Aim of the task:
Please repeat the data exactly. Any picture in it stays out.

The data:

Content starts

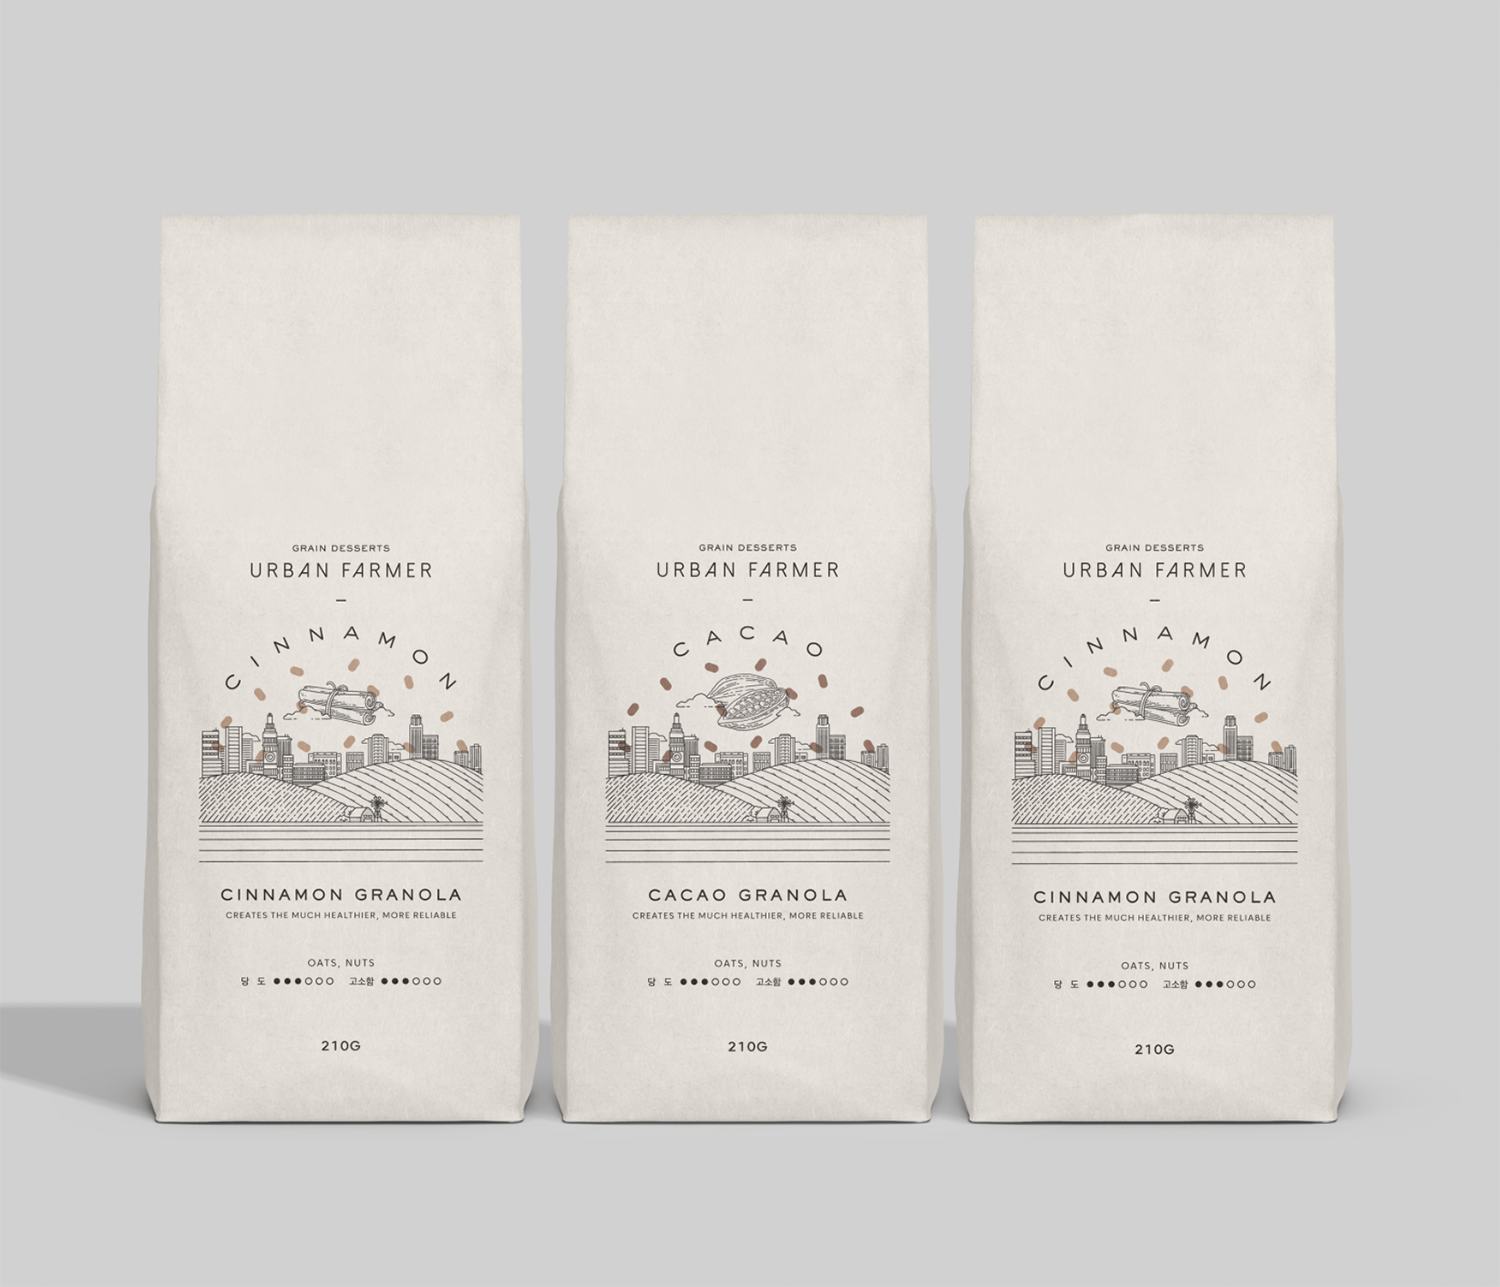 10 Stimulating Coffee Packaging Examples for Design Inspiration | CaseMakes
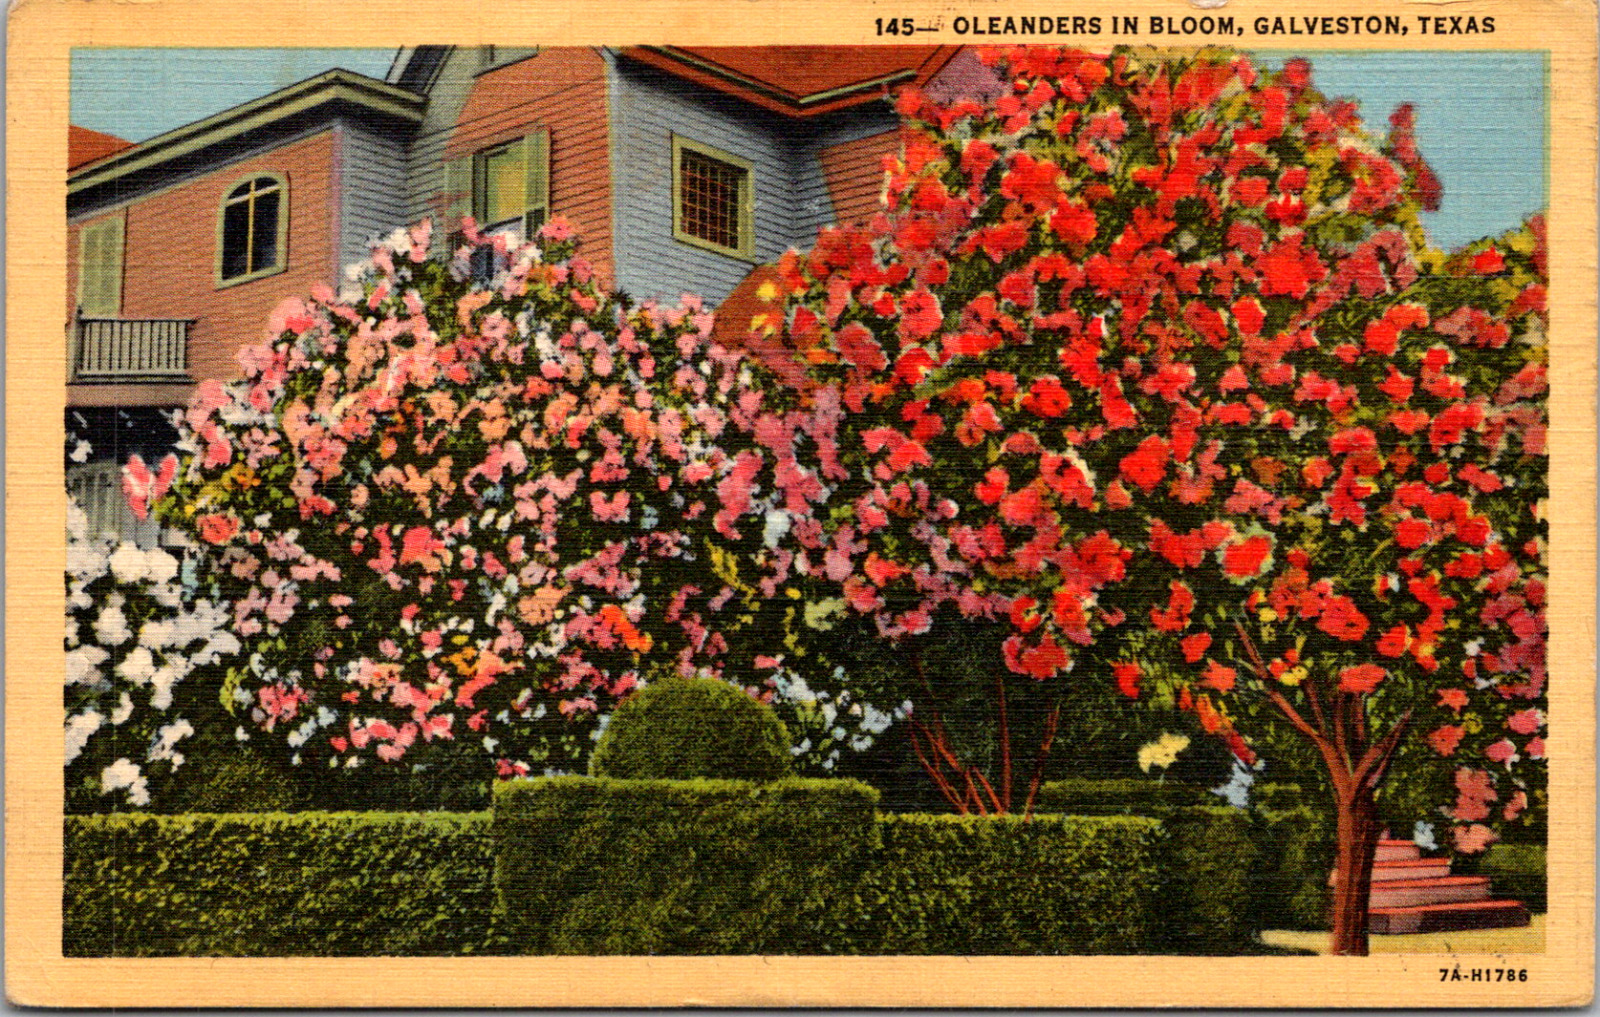 Vintage 1940\'s Lovely Oleanders in Bloom at a Galveston Texas Home TX Postcard
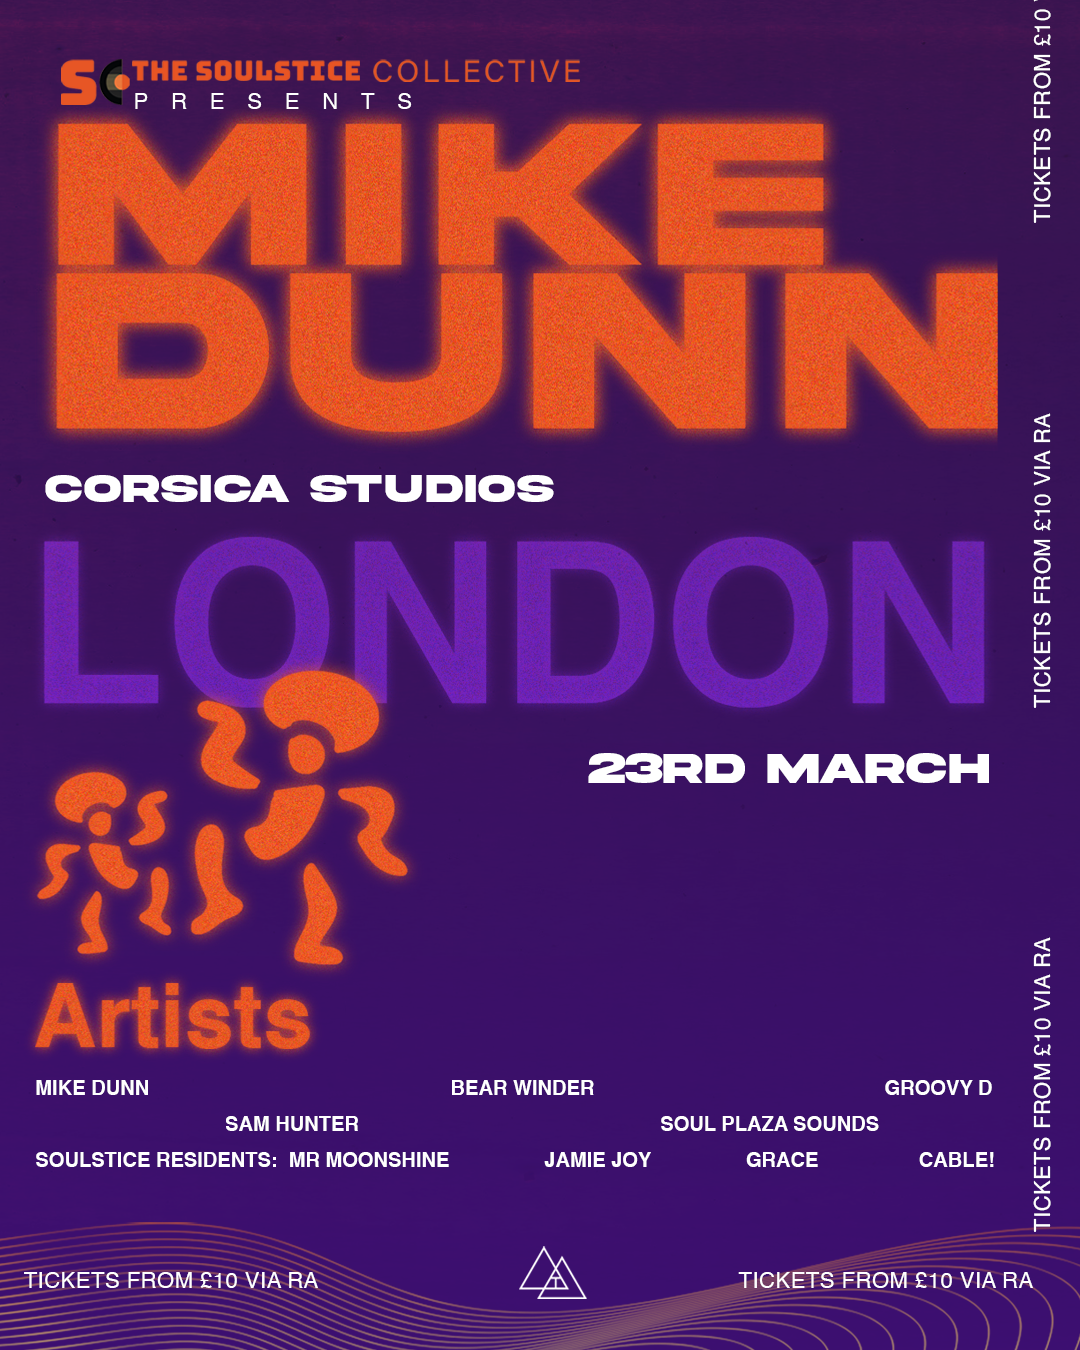 The Soulstice Collective presents: Mike Dunn - フライヤー表

Content ends

Written solution:
 10 Stimulating Coffee Packaging Examples for Design Inspiration | CaseMakes
 Vintage 1940\'s Lovely Oleanders in Bloom at a Galveston Texas Home TX Postcard
 The Soulstice Collective presents: Mike Dunn - フライヤー表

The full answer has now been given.